Take the records below and extract, word for word, the lines from the one containing "natasha-denona-mini-star-eyeshadow-palette" through the final line, inclusive. Omit pictures.
---
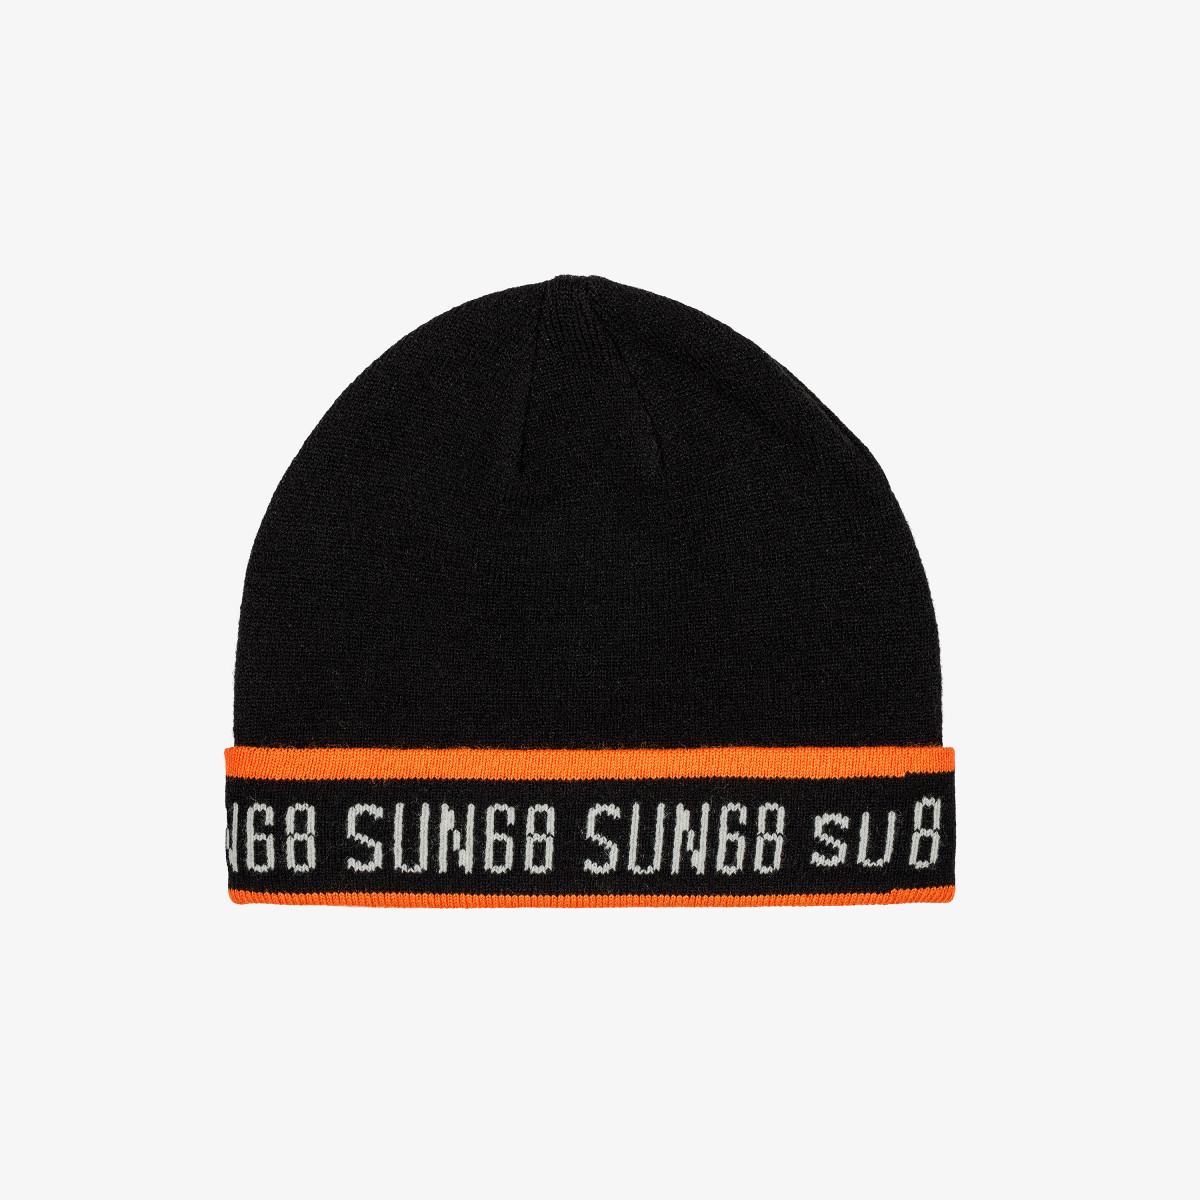 BOY'S CAP FLUO LOGO BLACK
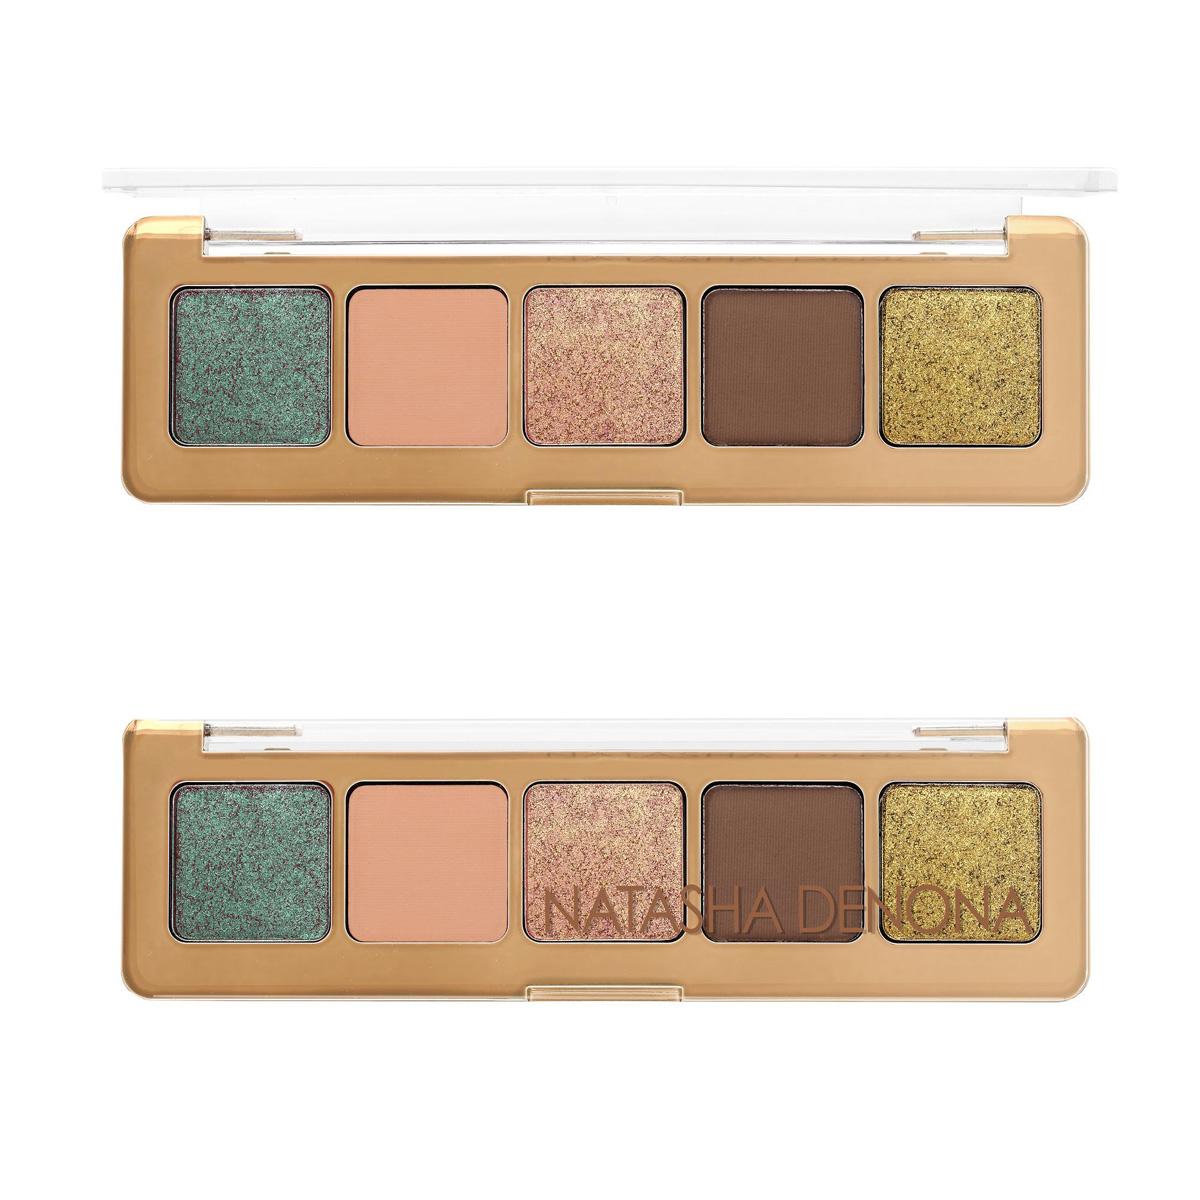 natasha-denona-mini-star-eyeshadow-palette
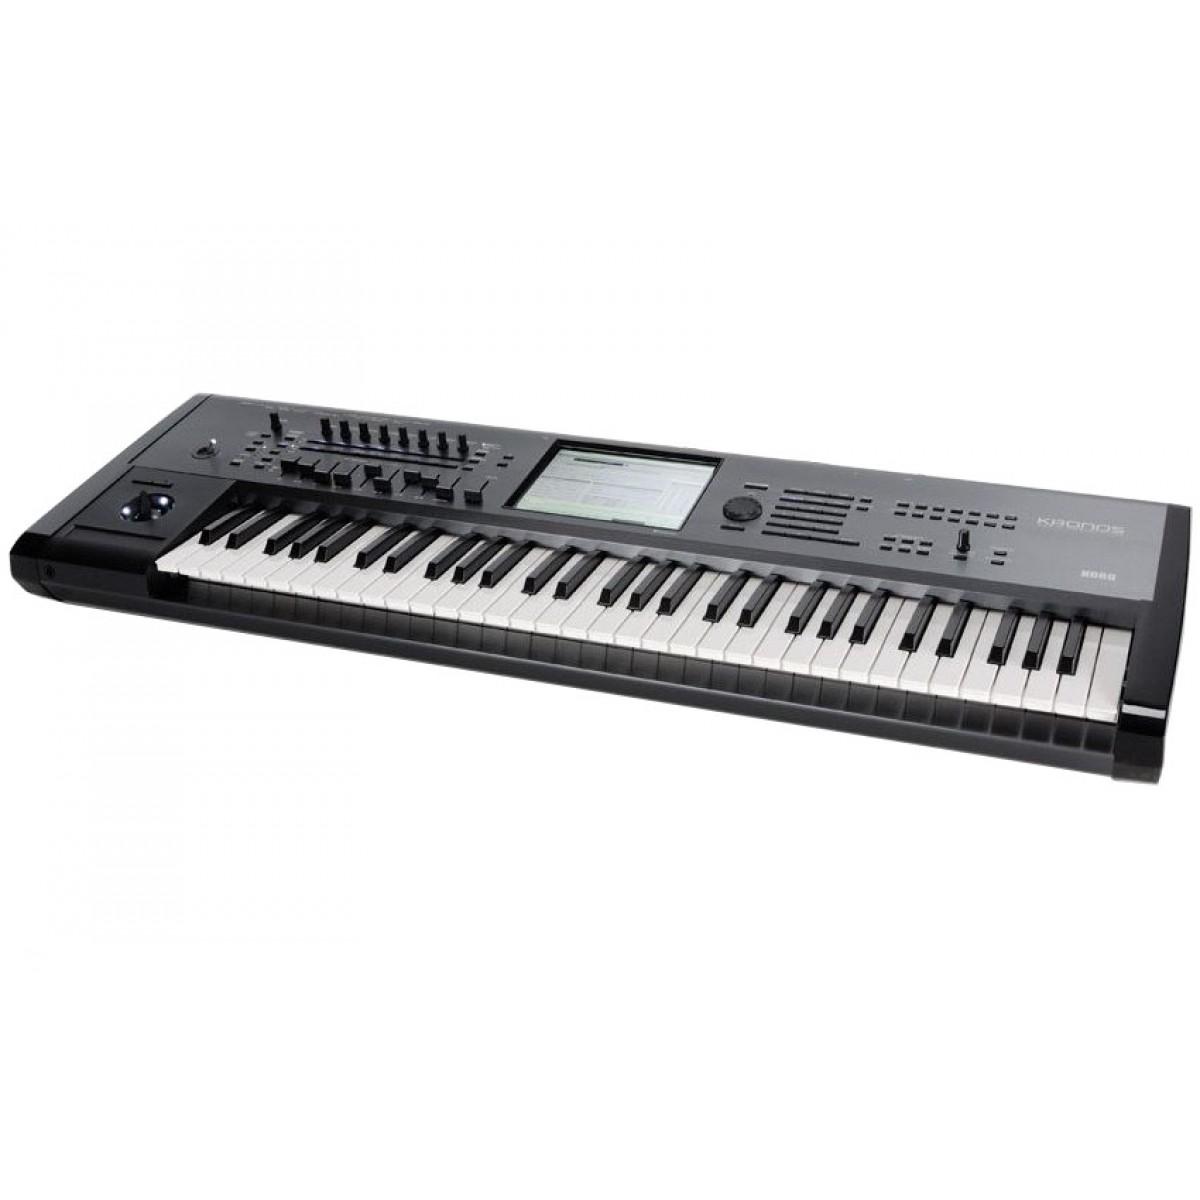 Korg Kronos 88 | Buy Music Workstation | Best Price
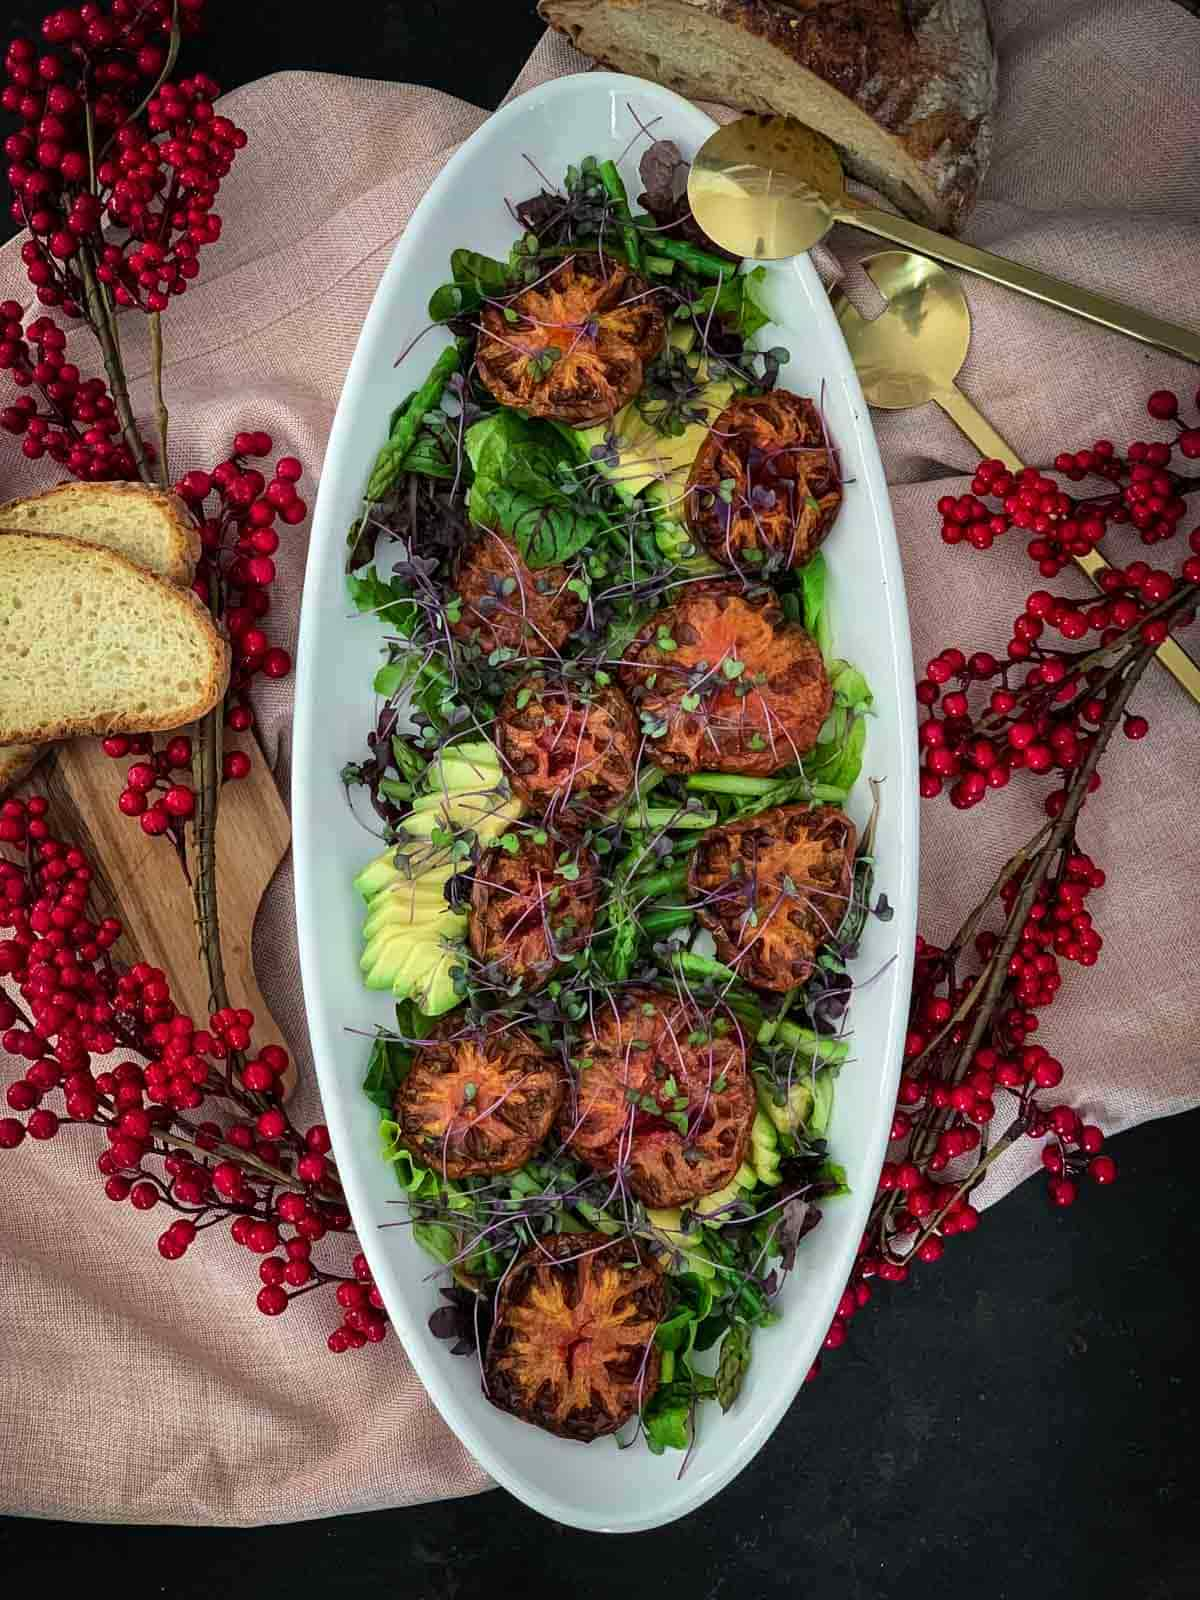 Christmas Salad with Heirloom Tomatoes and Asparagus
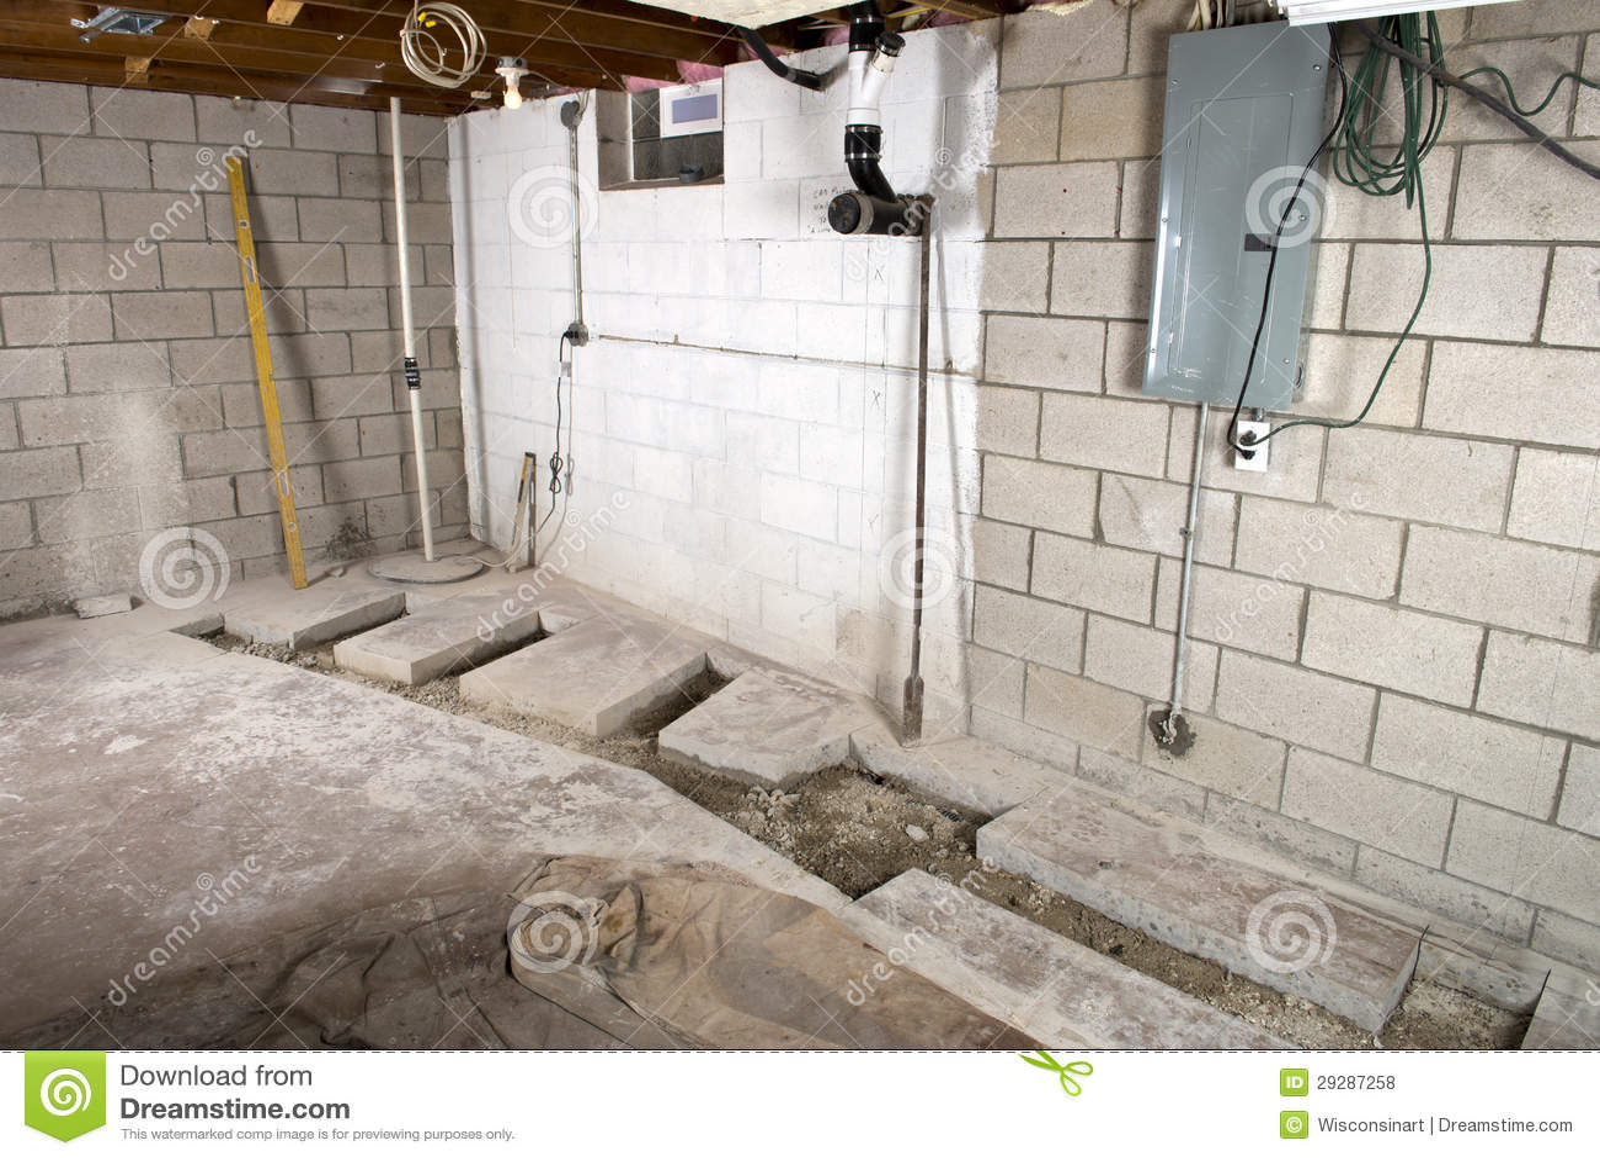 Home Improvement Basement Remodeling, Plumbing Royalty ...
---
_Exercise answer_
 natasha-denona-mini-star-eyeshadow-palette
 Korg Kronos 88 | Buy Music Workstation | Best Price
 Christmas Salad with Heirloom Tomatoes and Asparagus
 Home Improvement Basement Remodeling, Plumbing Royalty ...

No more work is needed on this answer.